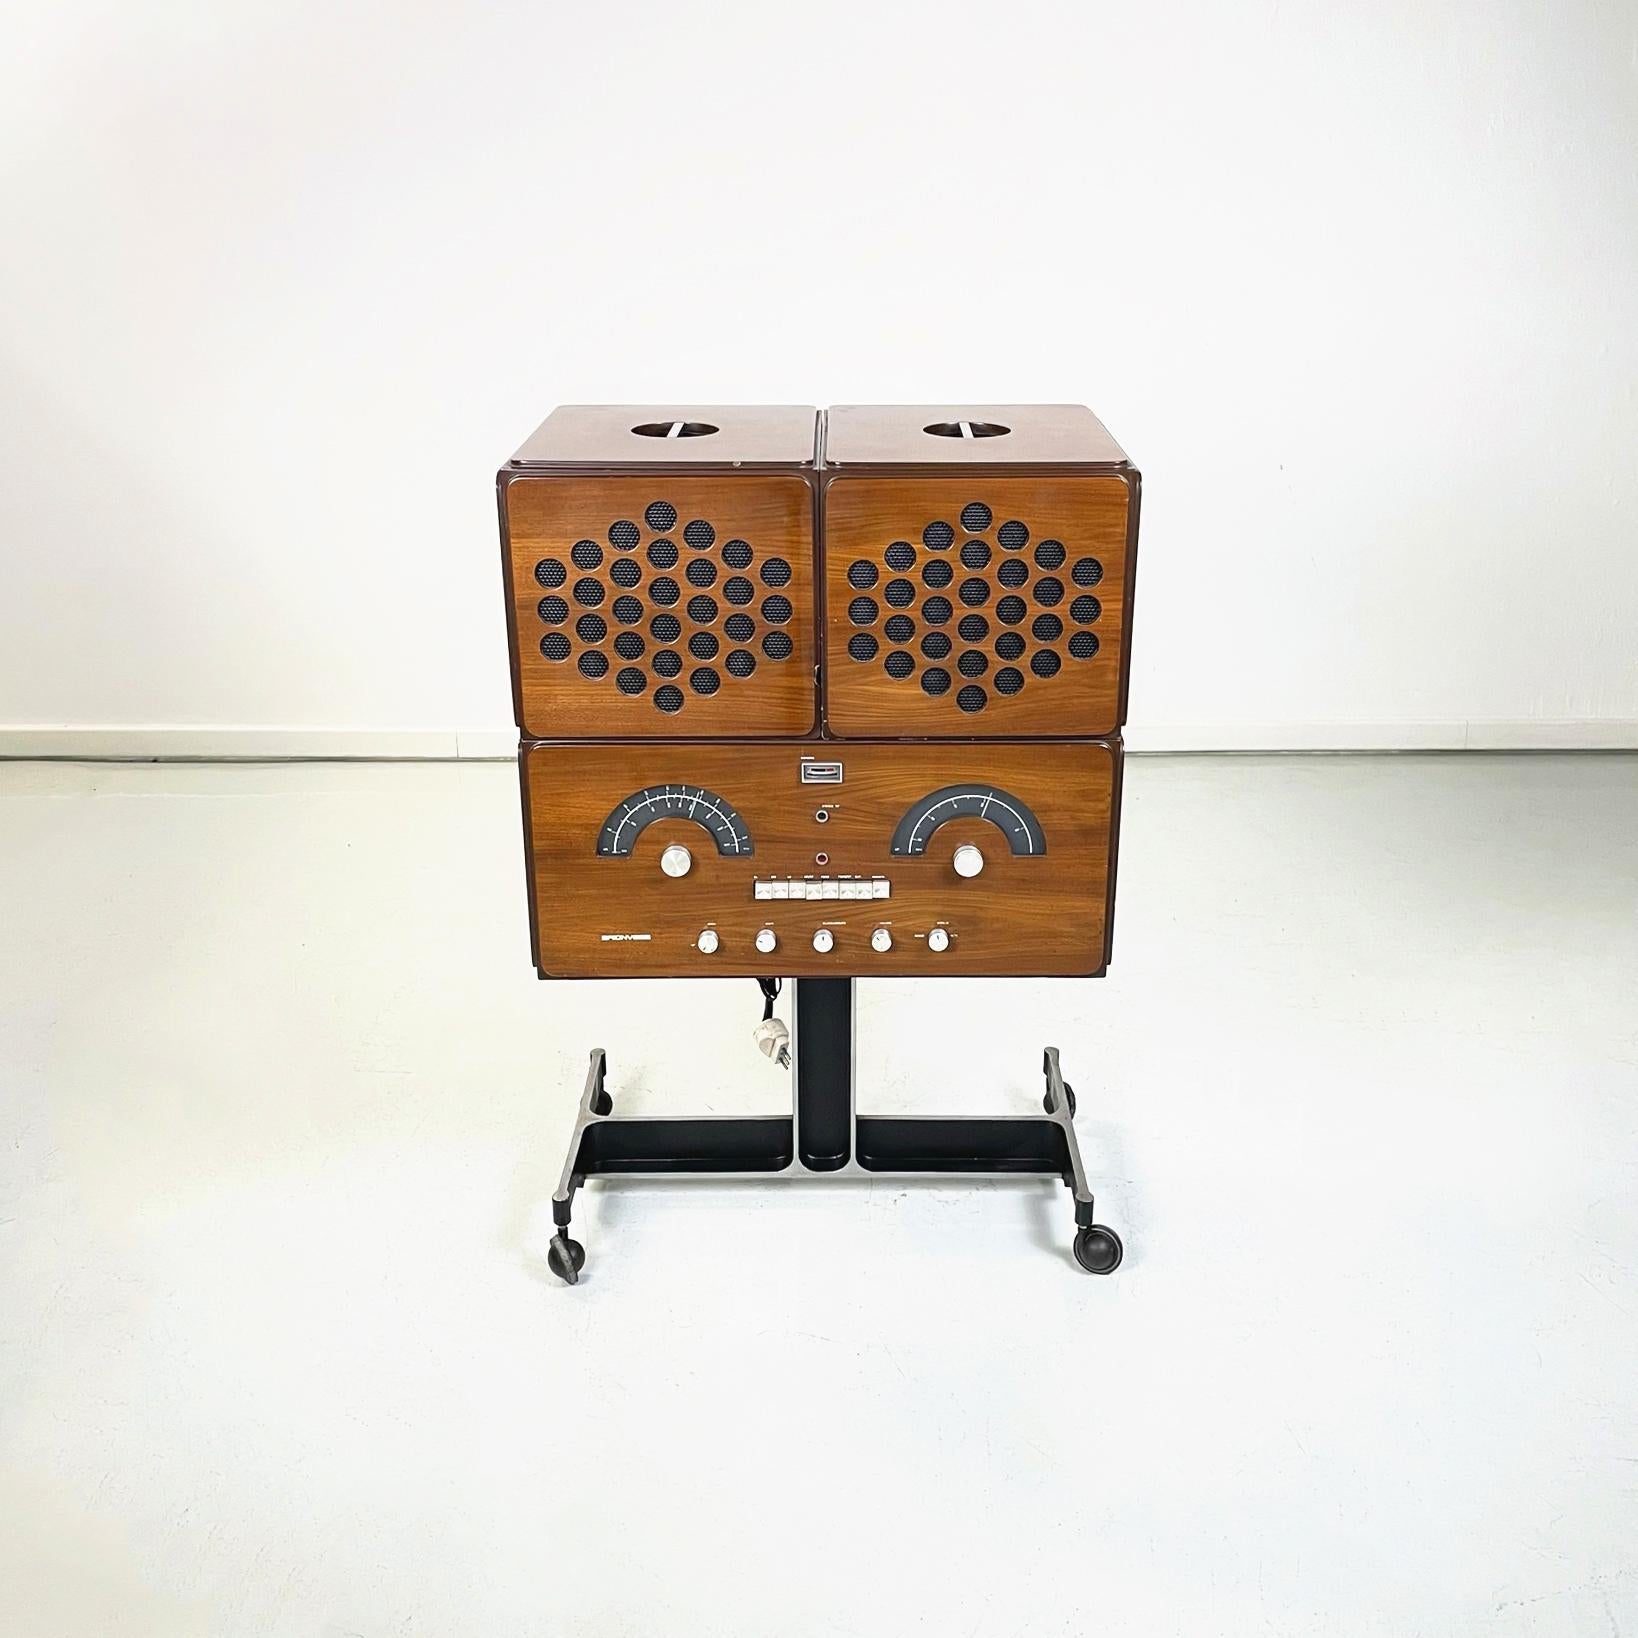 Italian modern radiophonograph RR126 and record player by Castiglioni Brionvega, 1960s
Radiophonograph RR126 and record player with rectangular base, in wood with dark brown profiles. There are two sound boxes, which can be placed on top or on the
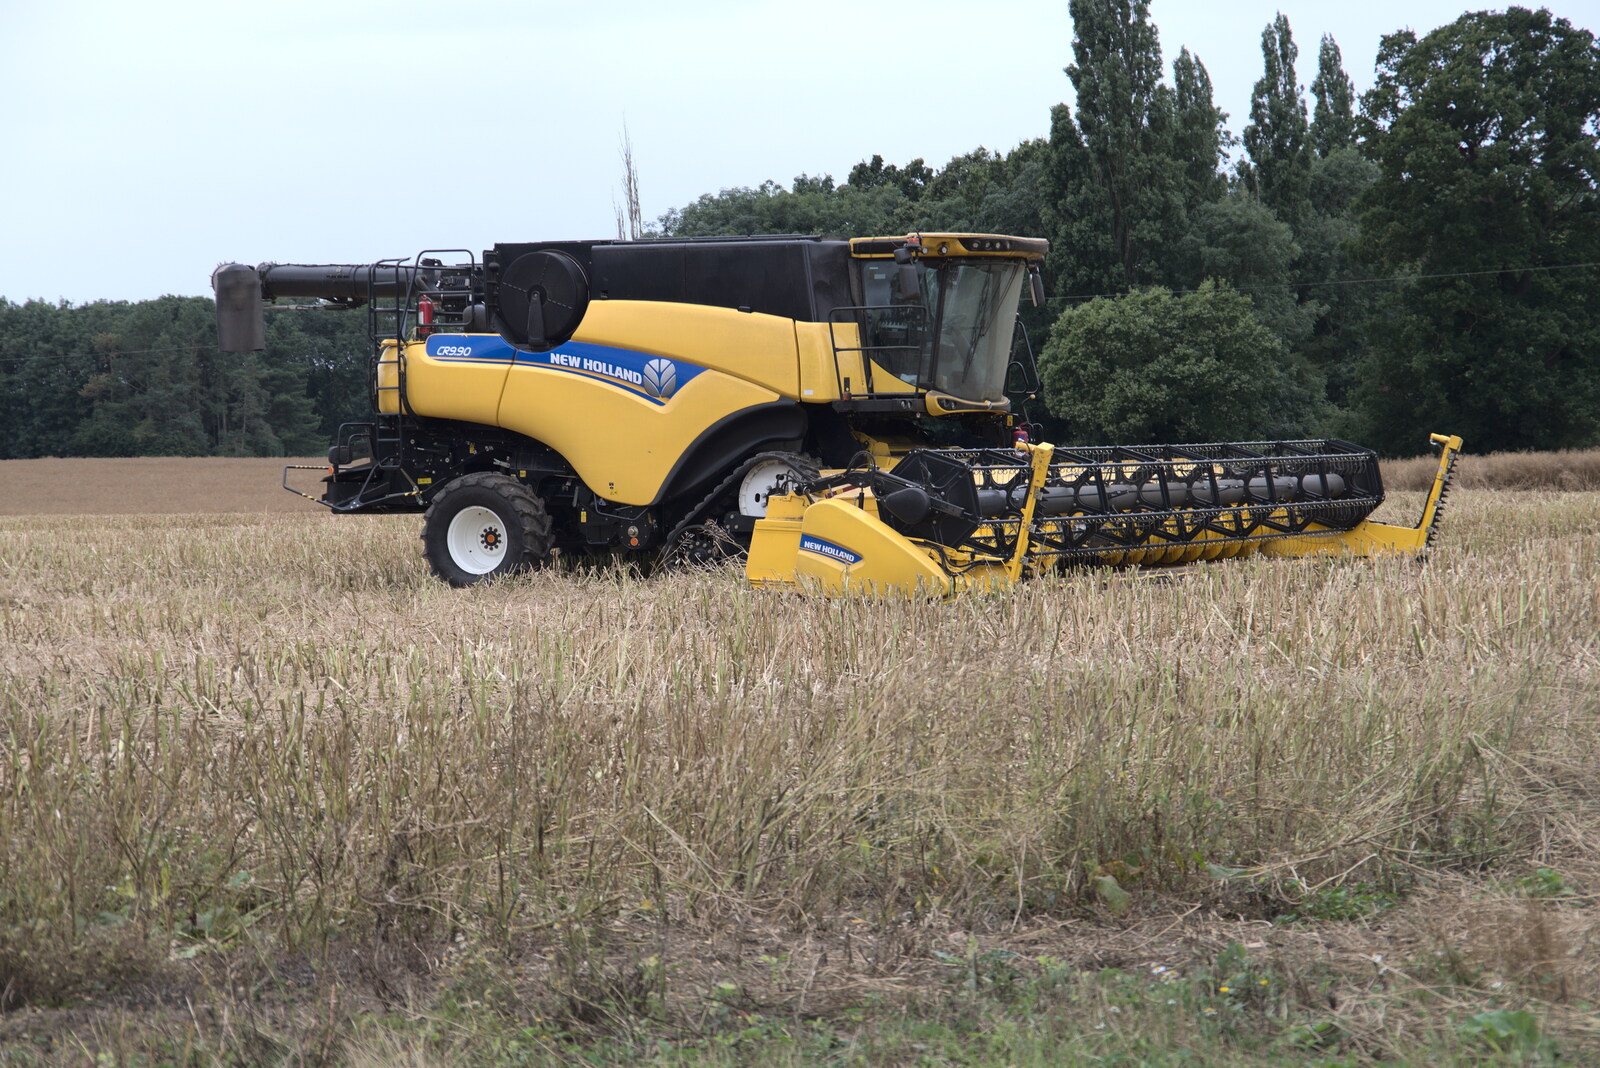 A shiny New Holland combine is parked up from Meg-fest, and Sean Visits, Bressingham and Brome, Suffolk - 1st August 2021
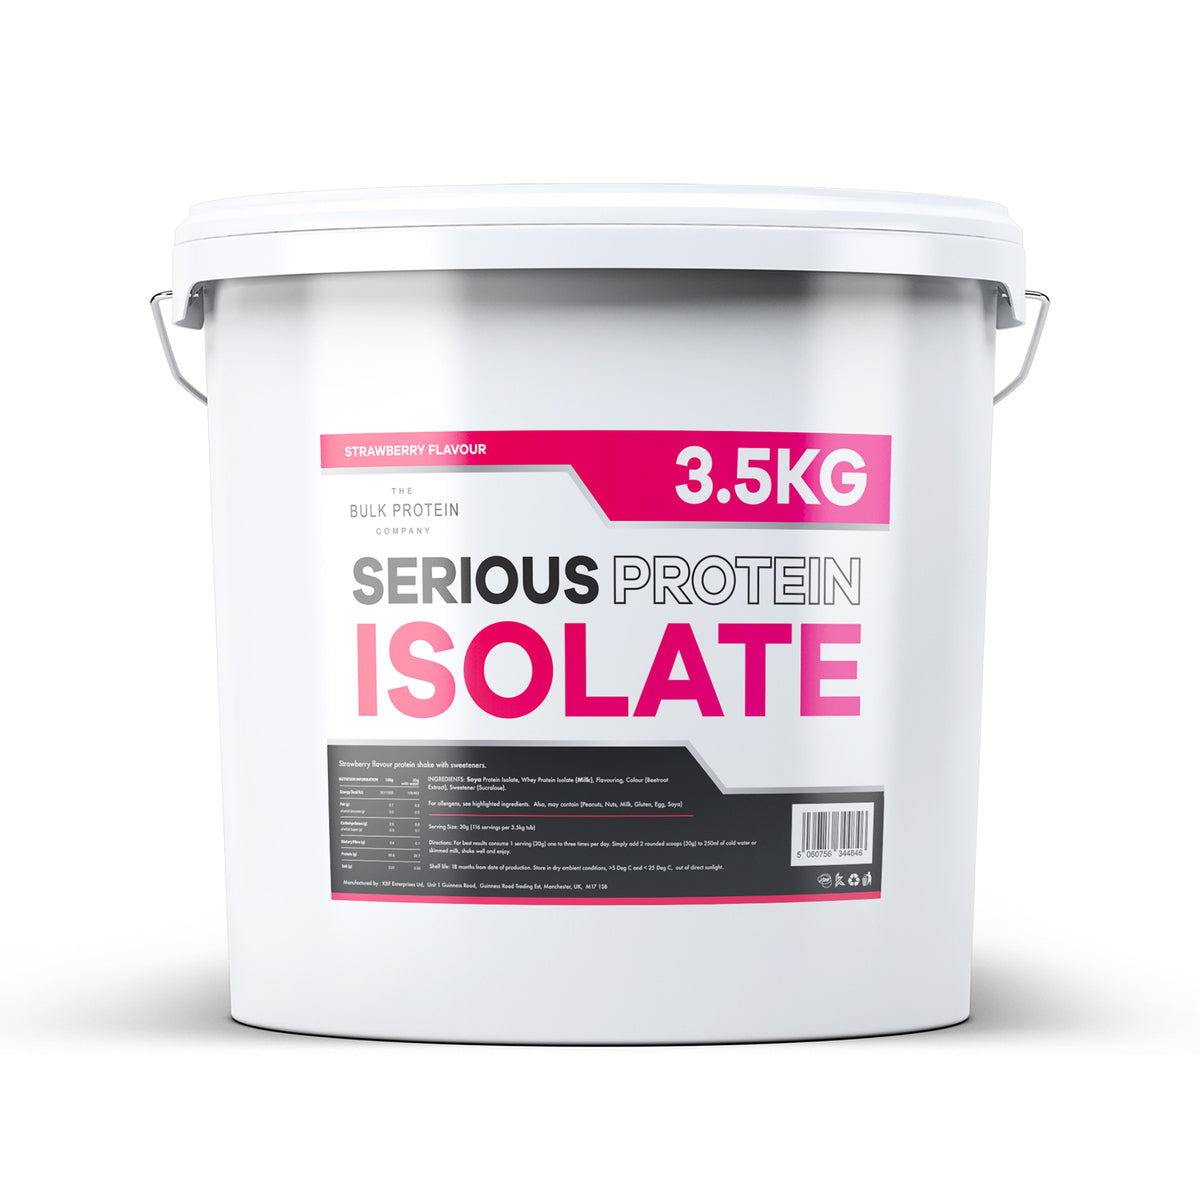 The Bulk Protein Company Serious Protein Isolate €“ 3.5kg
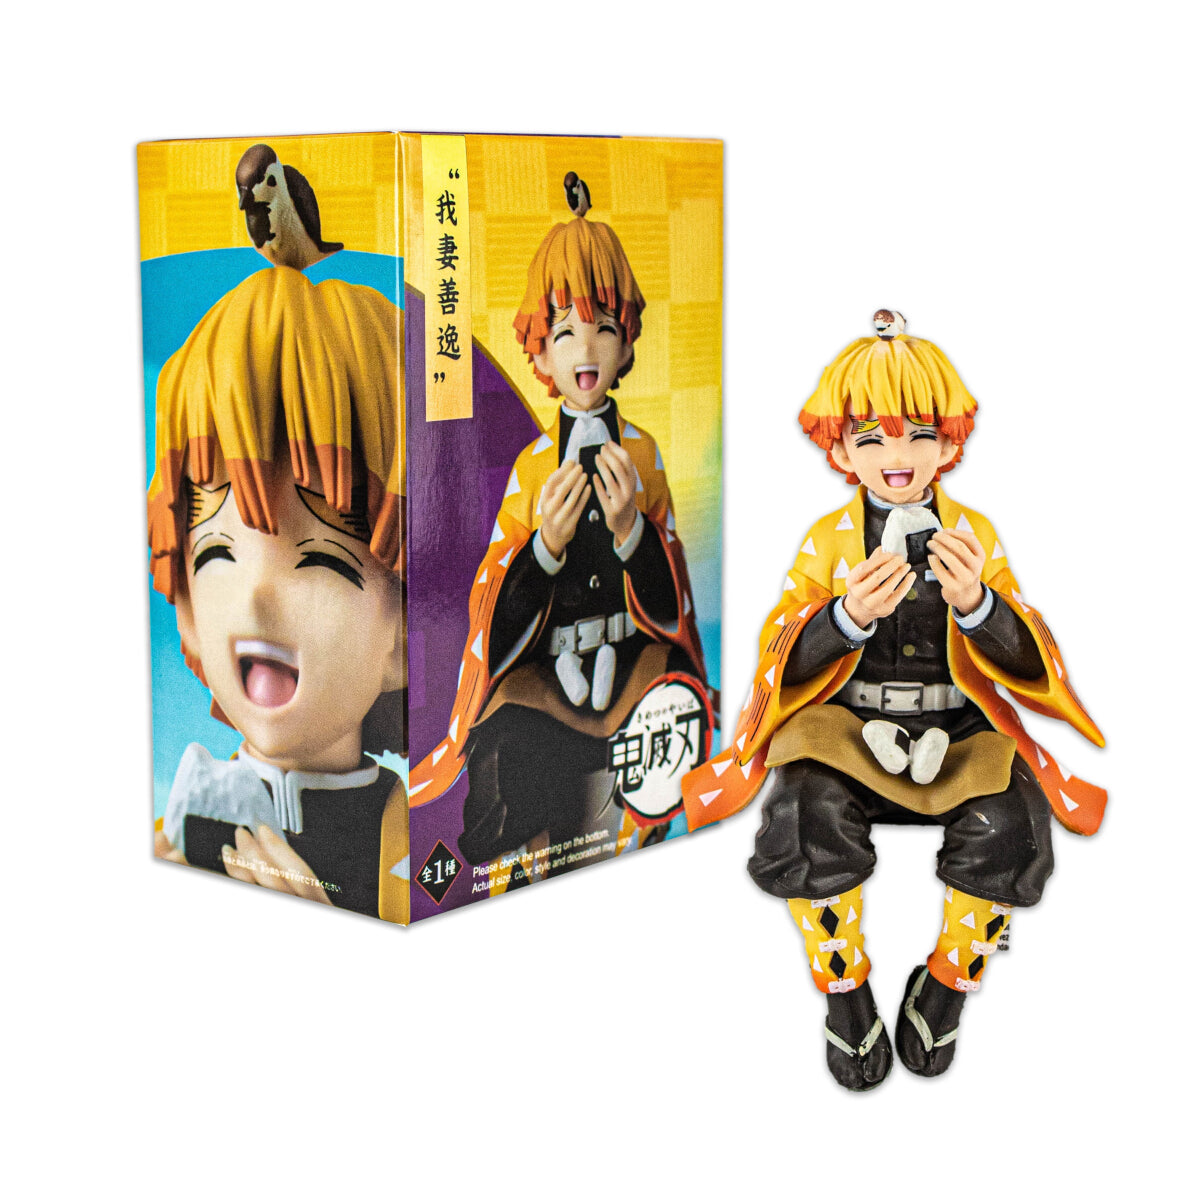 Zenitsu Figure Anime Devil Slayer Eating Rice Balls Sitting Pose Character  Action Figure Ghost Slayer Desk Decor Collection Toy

* * * * *

### TASK REQUIREMENTS
Nothing but an exact repeat of the records, pictures excluded, belongs in the answer.

### SOLUTION TO THIS TASK
 Italian modern radiophonograph RR126 and record player by Castiglioni Brionvega, 1960s
Radiophonograph RR126 and record player with rectangular base, in wood with dark brown profiles. There are two sound boxes, which can be placed on top or on the
 A shiny New Holland combine is parked up from Meg-fest, and Sean Visits, Bressingham and Brome, Suffolk - 1st August 2021
 The Bulk Protein Company Serious Protein Isolate €“ 3.5kg
 Zenitsu Figure Anime Devil Slayer Eating Rice Balls Sitting Pose Character  Action Figure Ghost Slayer Desk Decor Collection Toy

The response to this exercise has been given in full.